Note that the present technology can also take the following configuration.
(1)
an acquisition unit that acquires an IR image that is a captured image obtained by irradiating an object with infrared light and that includes a visible light component and an IR component;
an extraction unit that extracts IR component information from the IR image;
an image processing unit that performs image processing related to brightness or brightness of the captured image of the target based on the information of the IR component;
Information processing device.
(2)
The acquisition unit acquires a visible light image of the target in addition to the IR image,
The extraction unit acquires a difference between the visible light image and the IR image as information on the IR component.

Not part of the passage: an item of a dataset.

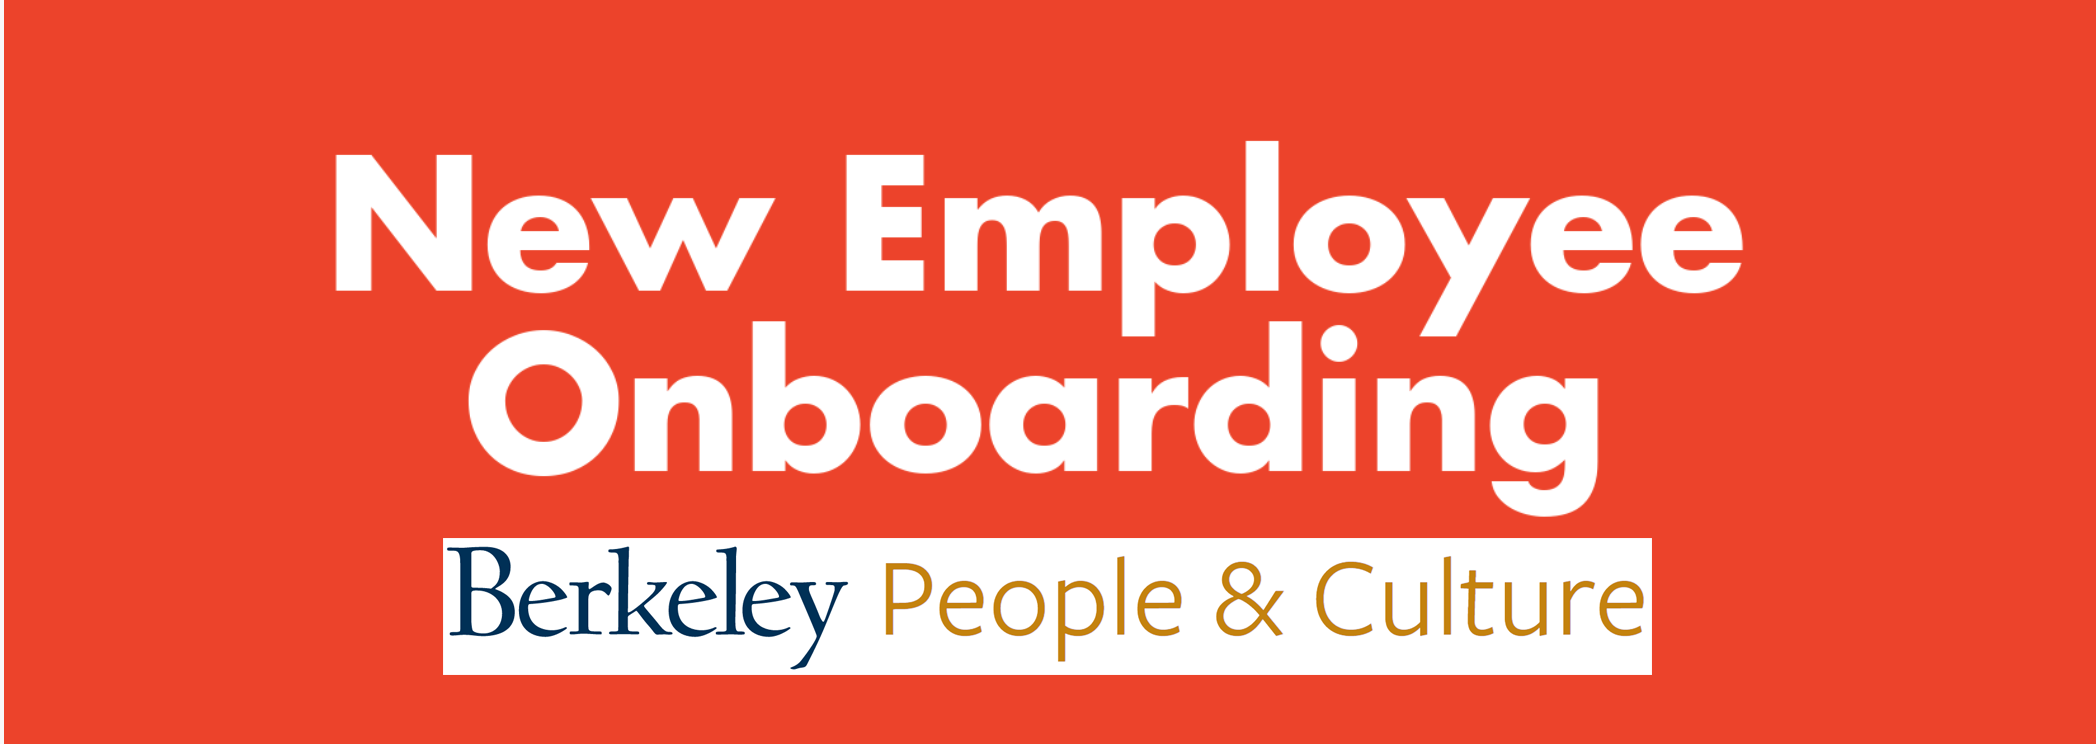 New Employee Onboarding Graphic Banner

The information processing device according to (1) above.
(3)
the infrared light is blinking,
The acquisition unit acquires the visible light image and the IR image in a time division manner in synchronization with the blinking cycle of the infrared light.
The information processing device according to (2) above.
(4)
The infrared light blinks in synchronization with the frame period of the video,
The acquisition unit acquires the image of the frame at the timing when the infrared light is not irradiated as the visible light image, and acquires the image of the frame at the timing when the infrared light is irradiated as the IR image.
The information processing apparatus according to (2) or (3) above.
(5)
The extracting unit acquires, as the IR component information, a difference between images of two consecutive frames starting from a frame at which the infrared light is not irradiated,
The image processing unit performs image processing related to brightness or brightness of an image of the next frame of the two consecutive frames based on the information of the IR component.
The information processing device according to (4) above.
(6)
the IR component information is a difference image of the two consecutive frames;
The image processing unit performs a process of blurring the edges of the difference image, and performs image processing related to brightness or brightness of the image of the next frame of the consecutive two frames based on the difference image with the edges blurred.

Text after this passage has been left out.